Central to the capitalist classes’ crisis of confidence has been the rise of Donald Trump from 2016 and the strengthening of right-wing populism in a whole number of countries, fuelling political instability in what Wolf had considered, until now, the “consolidated democracies”. Within the opening pages Wolf is railing at Trump for having “no ideological attachments to liberal democracy or free-market capitalism”. For Wolf the rise of Trump was seminal and confirmed that the capitalist classes face a crisis of political representation. It is becoming harder and harder, across the advanced capitalist countries, for them to find stable political parties capable of forming governments to rule in their interests.

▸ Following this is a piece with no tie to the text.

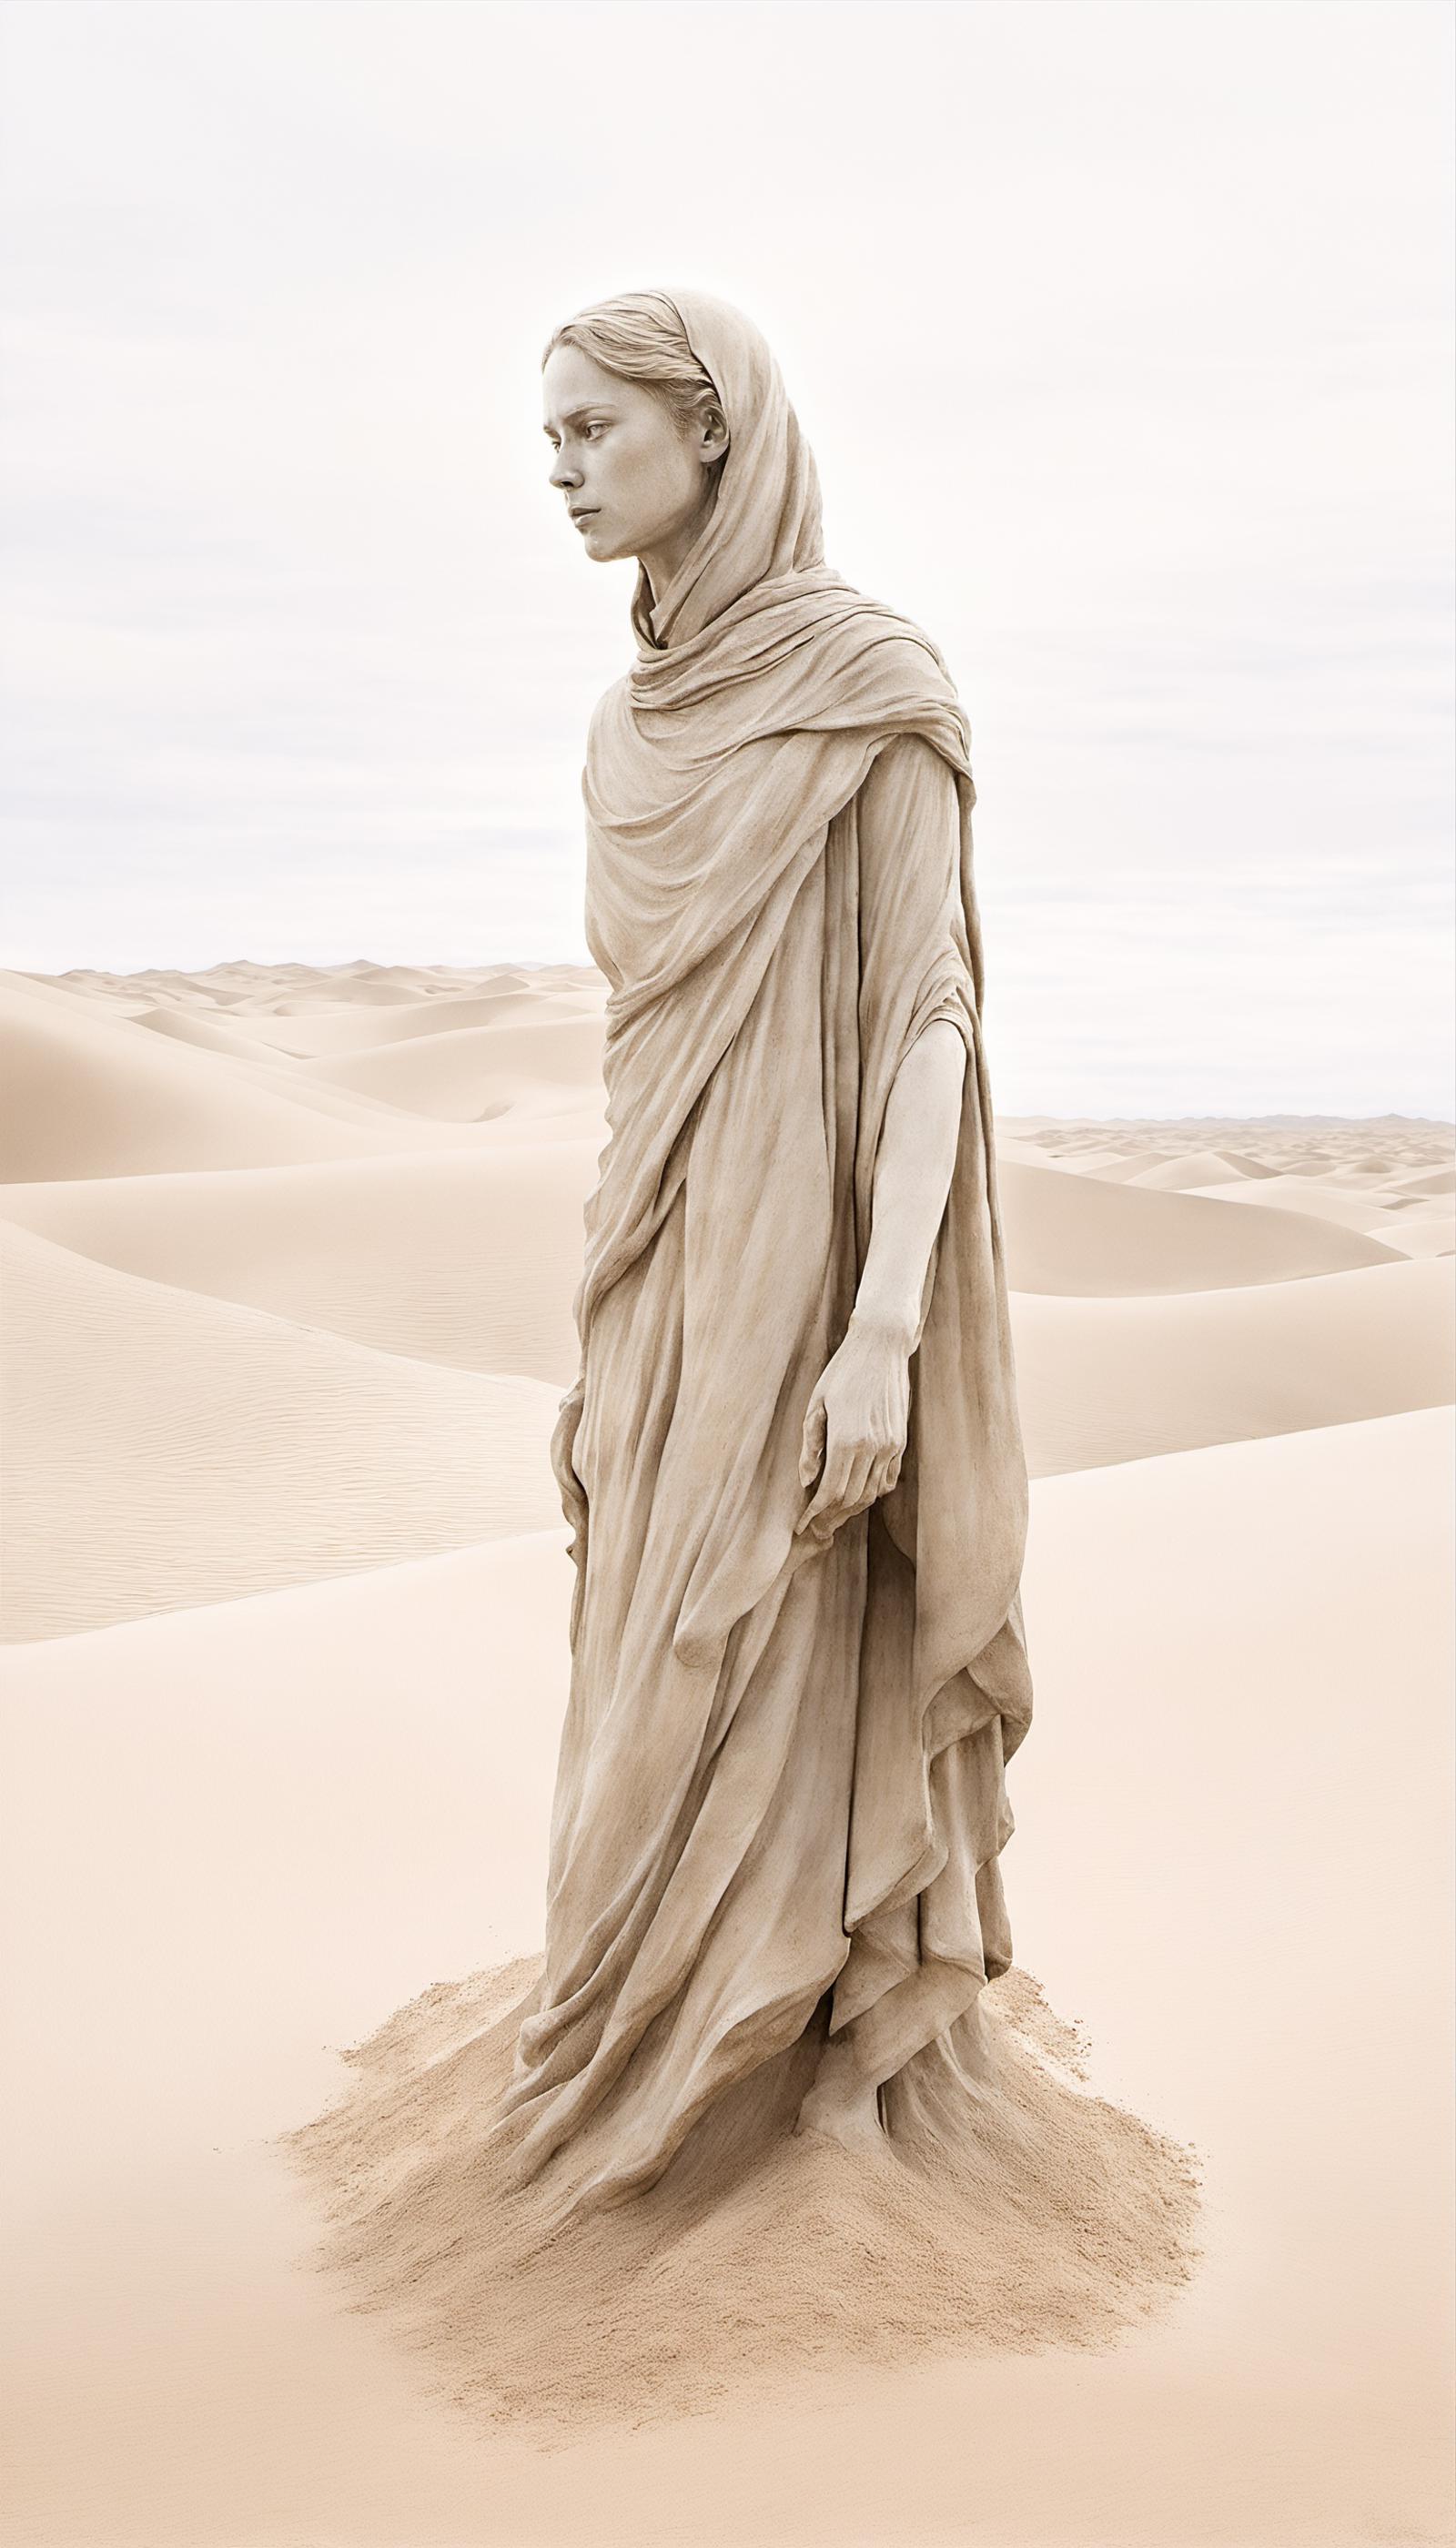 A statue of a man in a desert landscape.

The rise of China, whose rulers have, he points out, “rejected the link between capitalism and democracy”, is the international background to Wolf’s “crisis of democratic capitalism”. “The ascent of China” has, he correctly says, “shaken the confidence of the West and confidence in the West”. Wolf compares the situation today to the ‘golden age’ enjoyed by ‘democratic capitalism’ from the 1990s. In just five years, between 1989 and 1994, according to the Polity IV database, which he cites, the number of capitalist democracies increased from 48 to 76. This was largely the creation of new independent states as the Soviet Union broke-up, and, in Eastern Europe and parts of Africa and Asia, the ending of one-party dictatorships that had looked toward it as a model. Thereafter, according to Wolf, capitalist democracy’s advance continued, but slowed, reaching 97 countries by 2016. This period, at least up to the 2008 crisis, was the era of capitalist globalisation dominated by US imperialism. With the collapse of the Soviet Union, and the discrediting of its bureaucratically planned economy under one-party totalitarian rule, US ‘democratic capitalism’ stood, briefly, as an unrivalled economic and political model.

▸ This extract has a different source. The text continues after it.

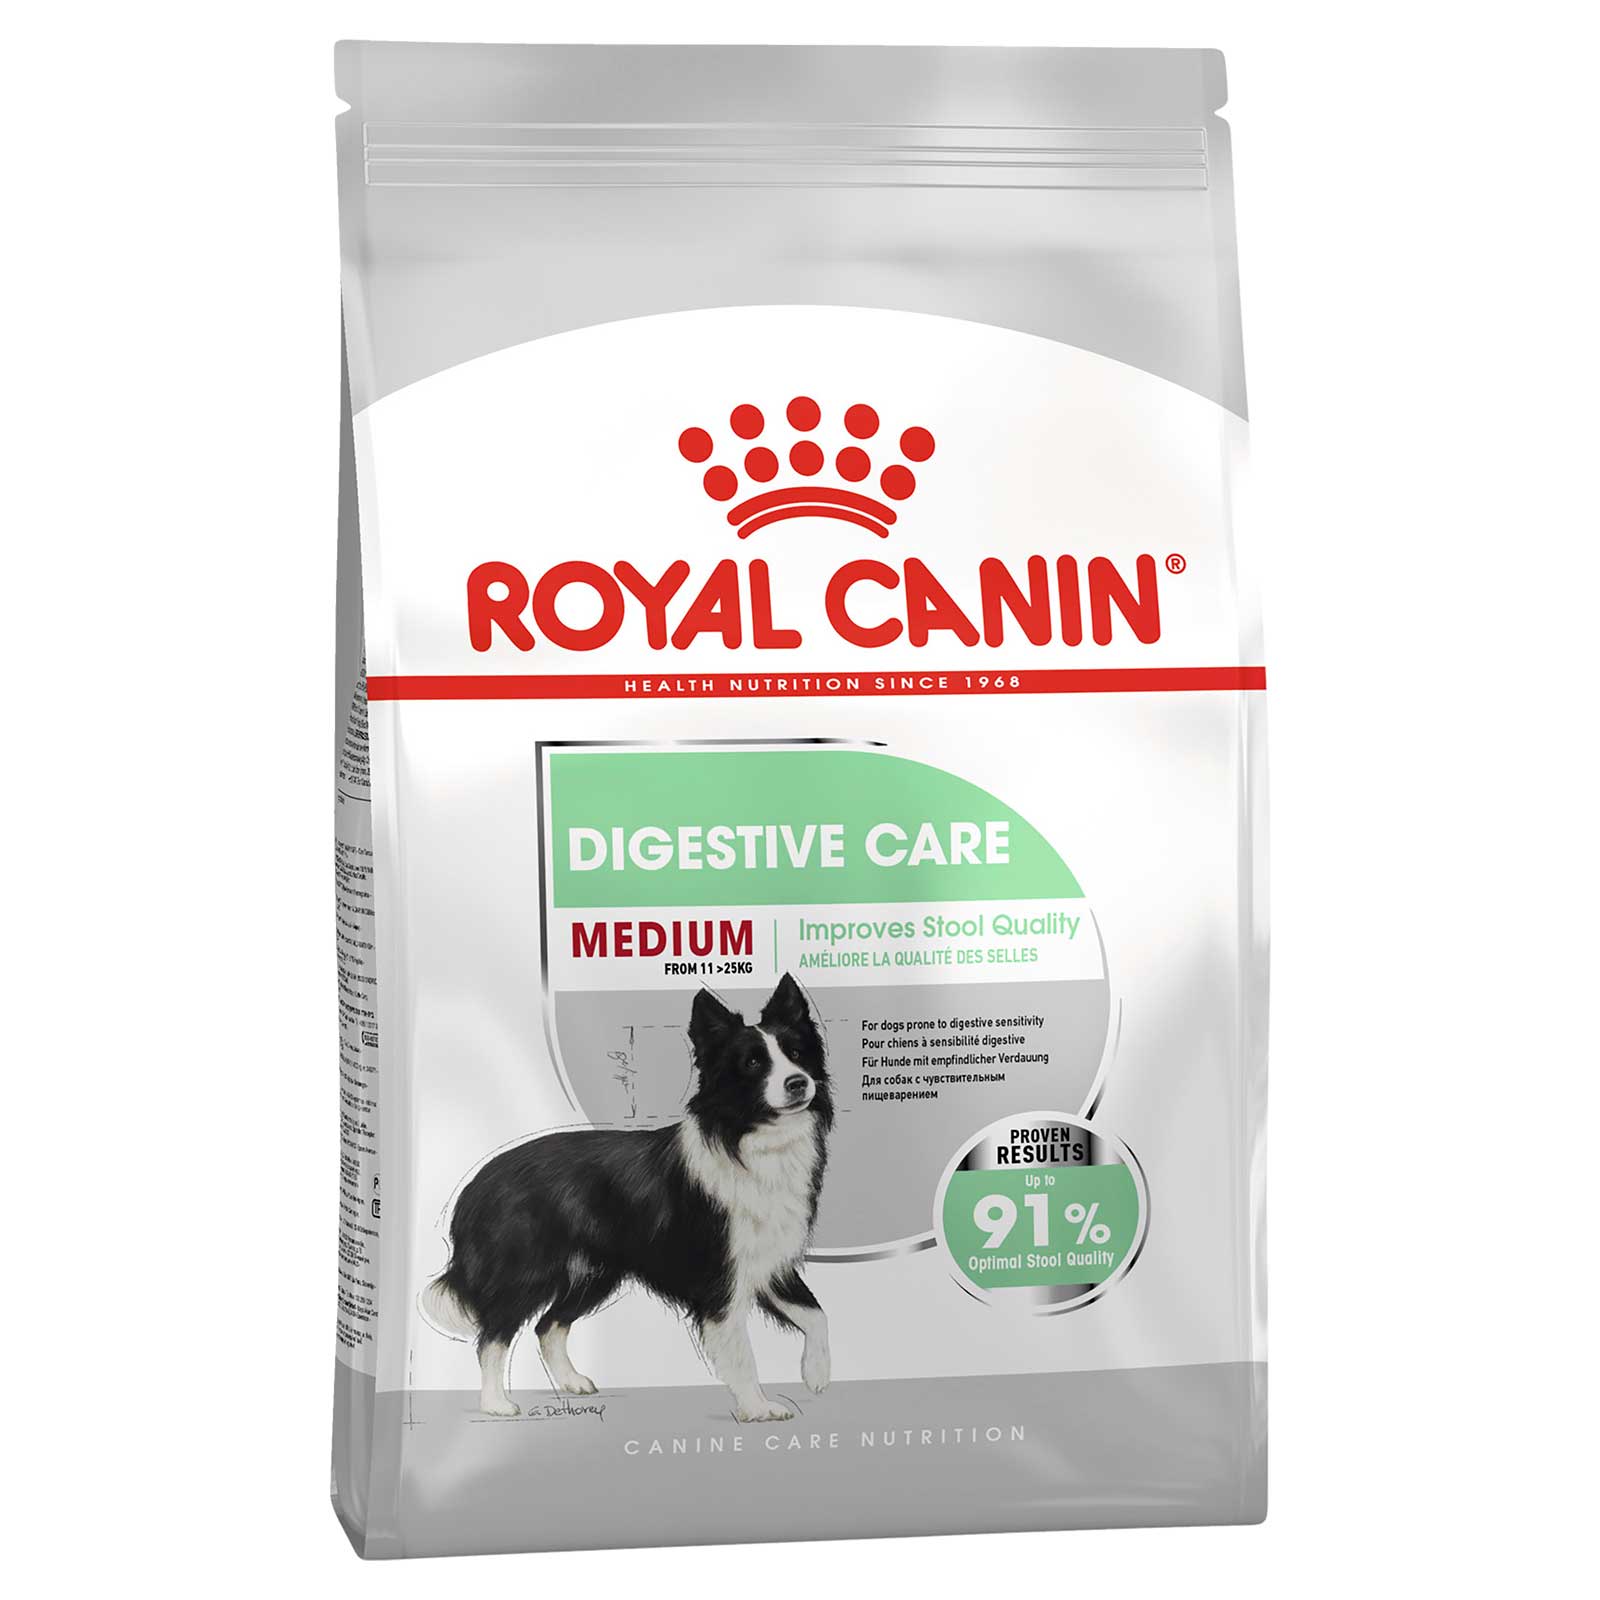 Royal Canin Dog Food Digestive Care Medium

Wolf believes that a global “democratic recession” has now set in. Whilst the number of autocracies is not increasing as it did in previous eras of capitalist crisis, such as the 1920s and 1930s, there are more leaders of capitalist countries, who, like Trump, do not feel the need to profess a commitment to US-style ‘liberal democracy’. Wolf, correctly, names Russia’s Vladimir Putin, Hungary’s Victor Orban, Poland’s Jaroslaw Kaczynski, Brazil’s Jair Bolsonaro and India’s Narendra Modi as examples. Turkey’s Recep Tayyip Erdoğan could also be added to the list. Wolf also observes that the number of what Polity IV terms ‘anochracies’, ie ‘failed states’ of the sort that have proliferated across the Middle East and North Africa, is rising – from 21 in 1984 to 49 in 2016.

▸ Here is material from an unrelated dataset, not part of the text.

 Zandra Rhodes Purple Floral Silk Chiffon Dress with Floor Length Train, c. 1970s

Wolf exaggerates the 1990s ‘golden age’ of ‘democratic capitalism’. In a number of countries ‘capitalist democracy’ was short-lived. In many more the formal adoption of multi-party elections, universal suffrage and greater democratic freedoms did not transform them overnight. Especially in the neo-colonial world political repression remained significant despite their formal introduction. Nevertheless, Wolf’s ‘democratic recession’ describes something real. It is one important reflection of the decline of US imperialism which is no longer the unrivalled model on the world stage and is no longer able to play the same role in underdeveloped neo-colonial states of propping-up governments to contain centrifugal social forces – often by the most anti-democratic methods.

System undermined

Wolf recognises that his ‘crisis of democratic capitalism’ is “in substantial part the ignition of the slow-burning anger left by the last financial and economic crisis [in 2008], coming, as that did, after a long period of mediocre performance”. The stagnation of capitalism has meant stagnant and falling incomes for the working and middle classes across the advanced capitalist countries. Wolf gives useful figures showing that between 2005 and 2014, 65-70% of households in “high-income countries” had “flat or falling real incomes”. In the UK the figure was 70%, in the US 81%, and in Italy a staggering 97%.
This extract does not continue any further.